Amazing things will happen. the most fabulous unanticipated solutions will come. I've learned that from my three Trans-Ams and all the years that we've been Airstreaming. Commit fully. Commit to your personal development. Whatever full commitment might mean to you, make it because it means you're not going to quit. Full commitment means you're going to keep recording just so that you can binge-watch your progress - if nothing more okay?
Knowing we have many blind spots to discover can infuse your expedition with attention, curiosity and anticipation. Trusting you have a journey worth telling may be an early challenge, but that will diminish as you watch the unexpected events unfold, and as your reactions calm. It's a marvelous process.
COGNITIVE BIAS CHEAT SHEET
In Episode 01.01 I mentioned a few things that we're going to cover more in-depth. Cognitive biases, for example. Near the end of the second book, I discovered a resource by Buster Benson. He created an awesome digest of a couple of hundred cognitive biases. It turns out there are only four simple points you'll want to learn from him. Refer to pages 297, 299, 300-301 for his cognitive bias cheat sheet. It's terrific.
WALLED GARDENS AND NARROW MENU SUGGESTIONS
I mentioned 'walled gardens'. Listen, you're going to hear me say this about our dependence on digital media, and getting full spectrum information.
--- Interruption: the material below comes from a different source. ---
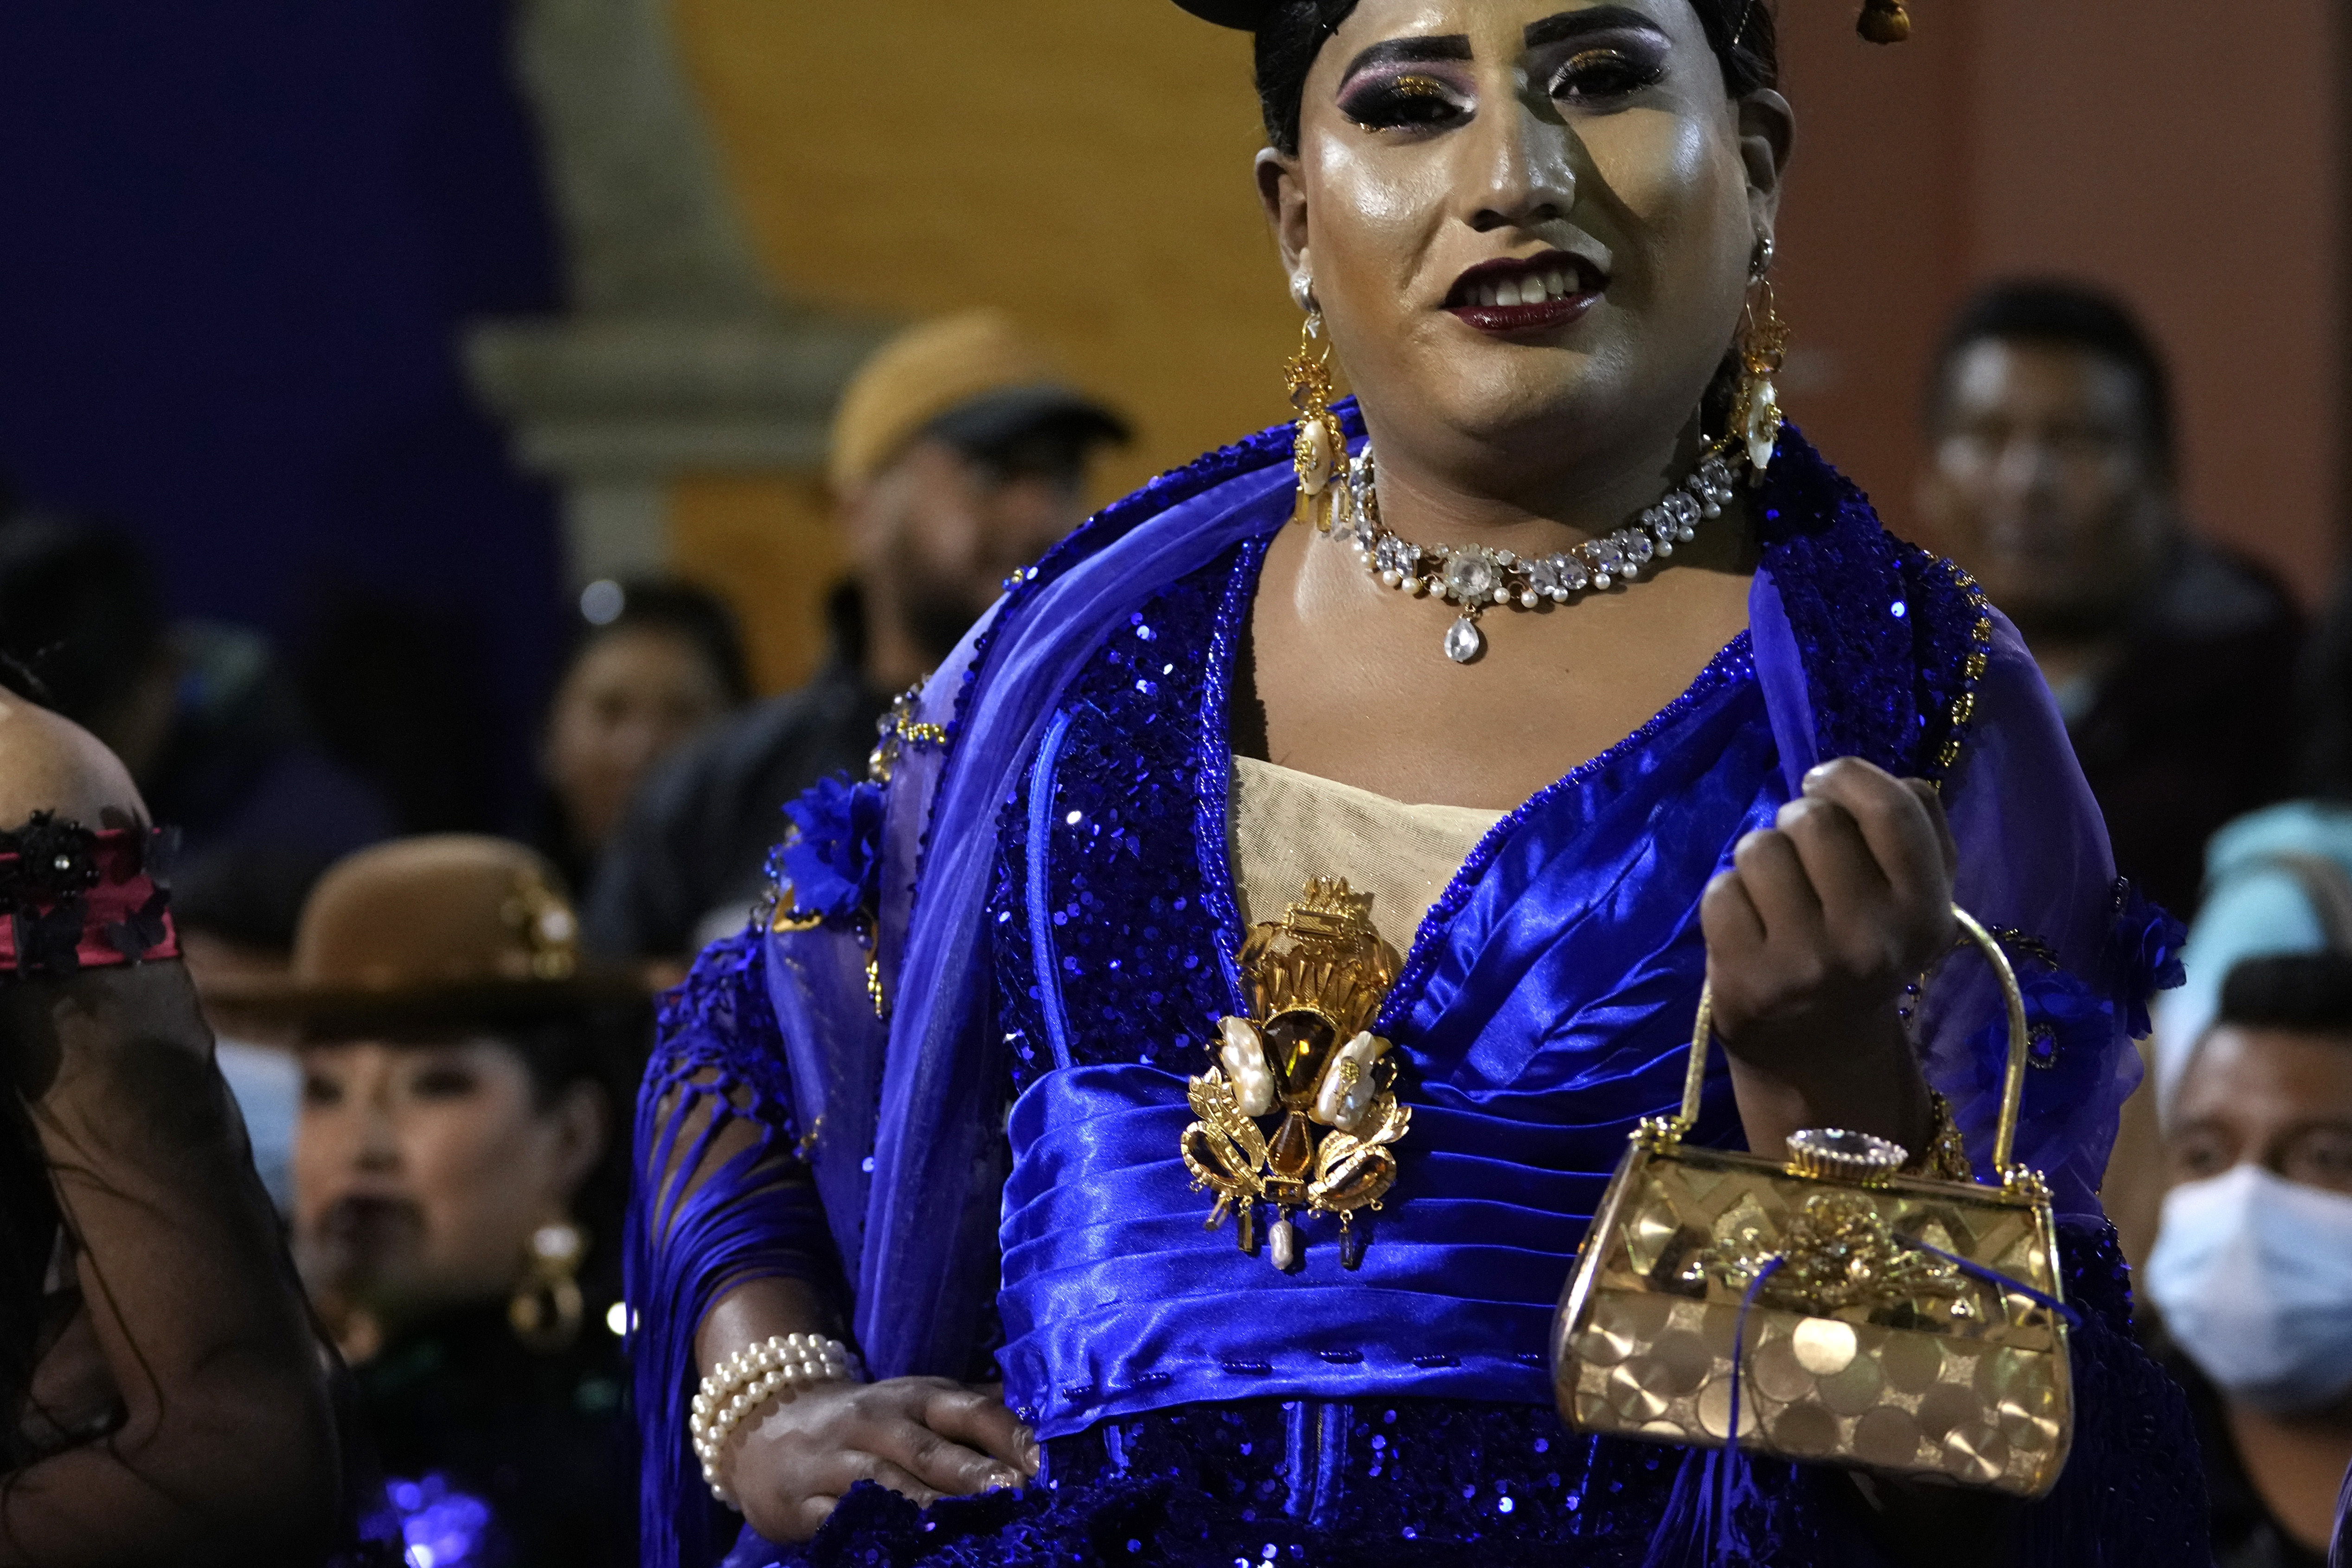 A person parades in the typical clothing of Bolivian women during the Cholita Transformista election, organized by the LGBT community in La Paz, Bolivia, on January 28, 2023. (AP Photo/Juan Karita)

In episode v2.05 (2) I'll tell you the story about my experience with the bookmobile in full, but for now, a walled garden is when you don't see the whole world because you are within a protected courtyard. As with a restaurant, you can only choose items that are on their menu, made with ingredients they chose at the market, based on their intent to make consistent meals with a profit at the end of your visit. Likewise, you can only pick from a selection of search results or suggested YouTube videos that have been pre-filtered for you. You don't get to see everything they know is in the market. You don't see 96% of what's on the internet that Google and YouTube know about. You're only seeing four percent. That is a walled garden, where you feel you are knowledgeable but are basing that on a feeling, not on a conclusion based on critical thinking of a sizeable selection of ingredients.
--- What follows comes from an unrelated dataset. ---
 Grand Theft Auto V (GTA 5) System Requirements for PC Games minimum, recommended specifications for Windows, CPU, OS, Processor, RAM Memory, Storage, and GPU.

Of all the information online, search engines and social media companies make a profit showing but four percent. Ninety-six percent of what is online doesn't make it on the search results menu, or a recommendation list.
ARRESTED DEVELOPMENT
Dr. Paul Hegstrom does an excellent series on this. It's called Life Skills (3). I was in a formal study group with several dear friends, and Angelina was in a women's group, for weekly accountability. We went through a whole bunch of exercises together. We read materials and watched videos, and then talked about them. That was a foundation for the hope that I could help people if I were to tell them some of the things I've experienced. That's what's ahead for you.
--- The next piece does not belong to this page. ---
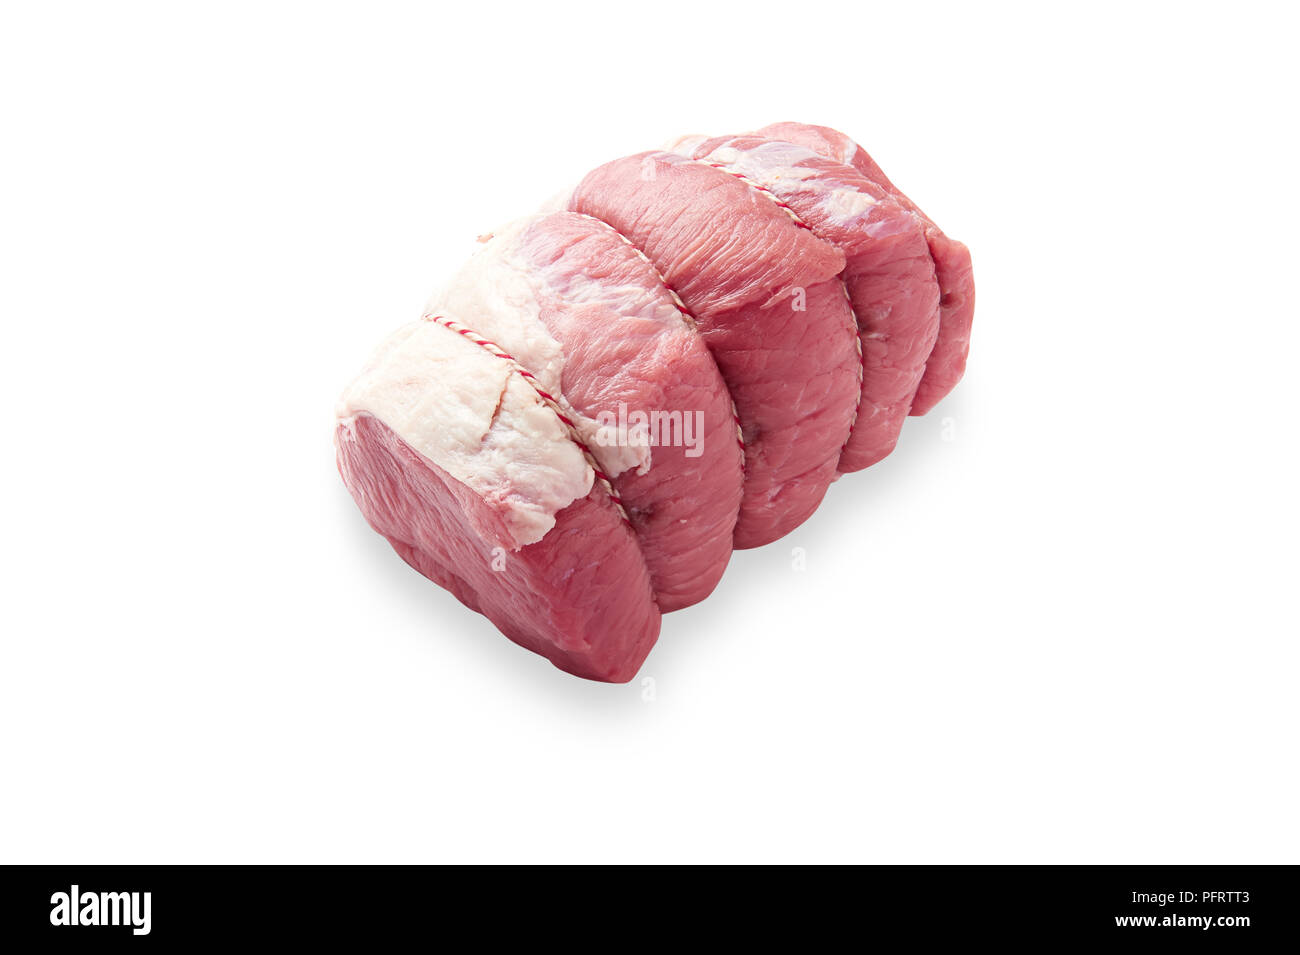 Cuts Veal White Topside Stock Photo

Thanks for watching the first episode and this reflection video by logging in.
I want to commend you for your commitment. And, I want to encourage you that the journey you're embarking on is worth it.
If you are one of my grand-kids: June, Reuben, Juliet, and Ethan, this will be fun to look back to answer where the heck Granddad has been?
Thanks for watching, thinking critically, and getting your butt out of Scotomaville.